Nicole Tagnon

Personal information
- Born: 20 February 1950 (age 76) Paris, France

Chess career
- Country: France
- Title: Women FIDE Master (1982)
- Peak rating: 2190 (July 1988)

= Nicole Tagnon =

French chess player

Nicole Tagnon (born 20 February 1950) is a French chess Women FIDE master (WFM), seven-times French Women's Chess Championship medalist (1975, 1976, 1977, 1981, 1983, 1986, 1991).

==Biography==
From the mid-1970s to the early 1990s, Nicole Tagnon was one of France's leading women's chess players. She has participated many times in French women's chess championships, where she has won seven medals: four silver (1976, 1977, 1983, 1991) and three bronze (1975, 1981, 1986). In 1987, in Budel Nicole Tagnon participated in Women's World Chess Championship West European Zonal tournament and shared 3rd–5th place.

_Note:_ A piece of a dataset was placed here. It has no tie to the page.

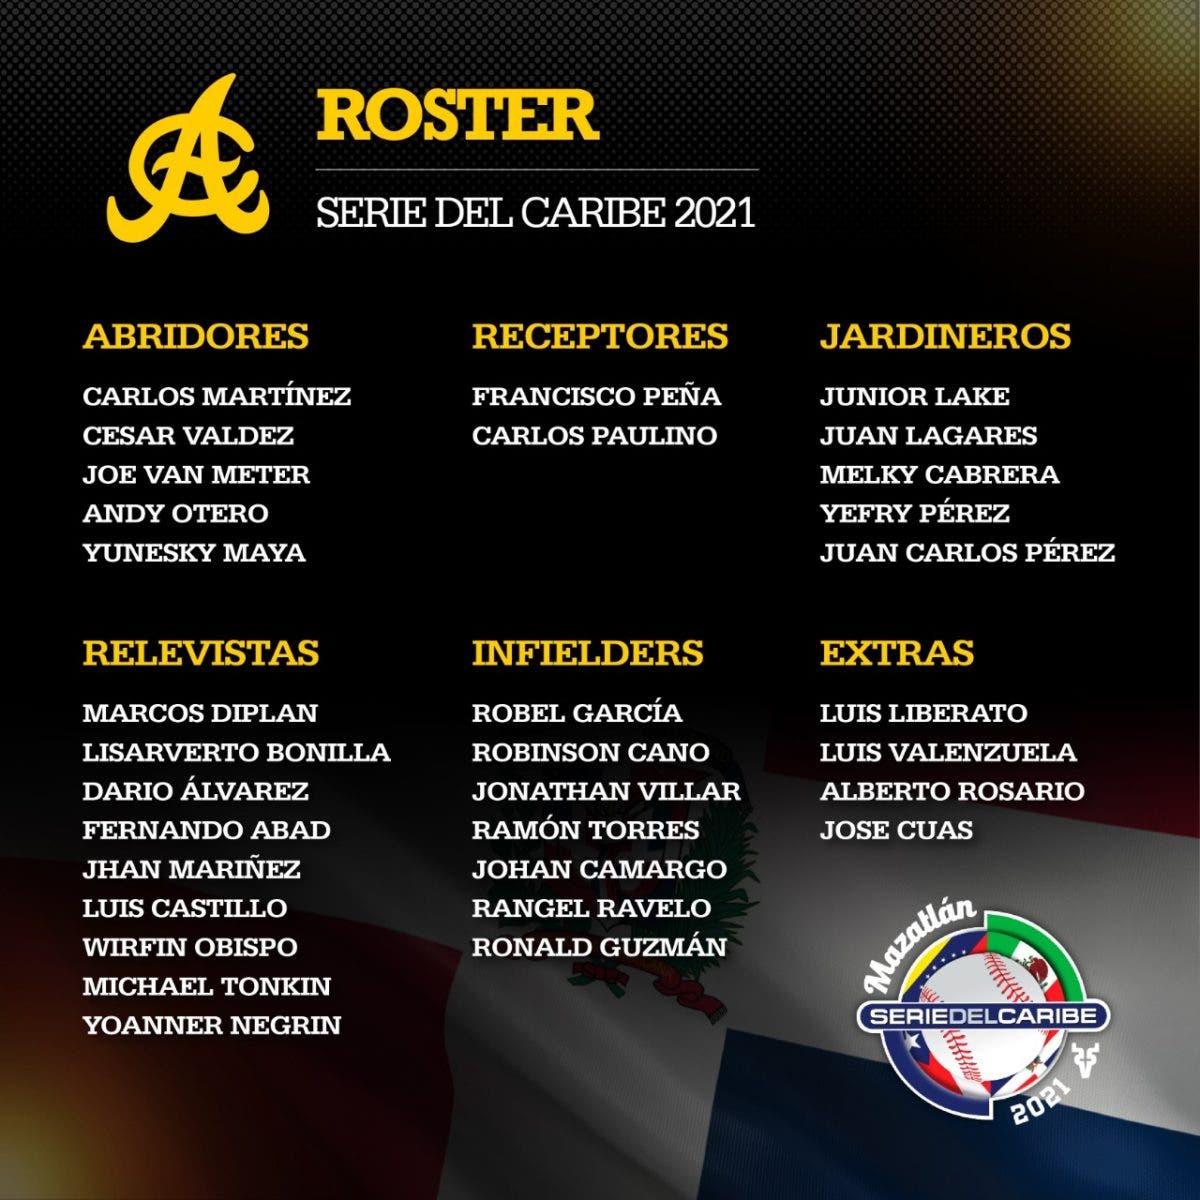 Serie del Caribe: Estos son los jugadores que representarán a República Dominicana

Nicole Tagnon played for France in the Women's Chess Olympiads:
- In 1976, at second board in the 7th Chess Olympiad (women) in Haifa (+5, =3, -4),
- In 1978, at second board in the 8th Chess Olympiad (women) in Buenos Aires (+4, =2, -6),
- In 1982, at first board in the 10th Chess Olympiad (women) in Lucerne (+5, =4, -4),
- In 1984, at first board in the 26th Chess Olympiad (women) in Thessaloniki (+4, =3, -6),
- In 1986, at third board in the 27th Chess Olympiad (women) in Dubai (+2, =3, -4),
- In 1988, at third board in the 28th Chess Olympiad (women) in Thessaloniki (+4, =2, -5),
- In 1992, at second board in the 30th Chess Olympiad (women) in Manila (+2, =0, -7).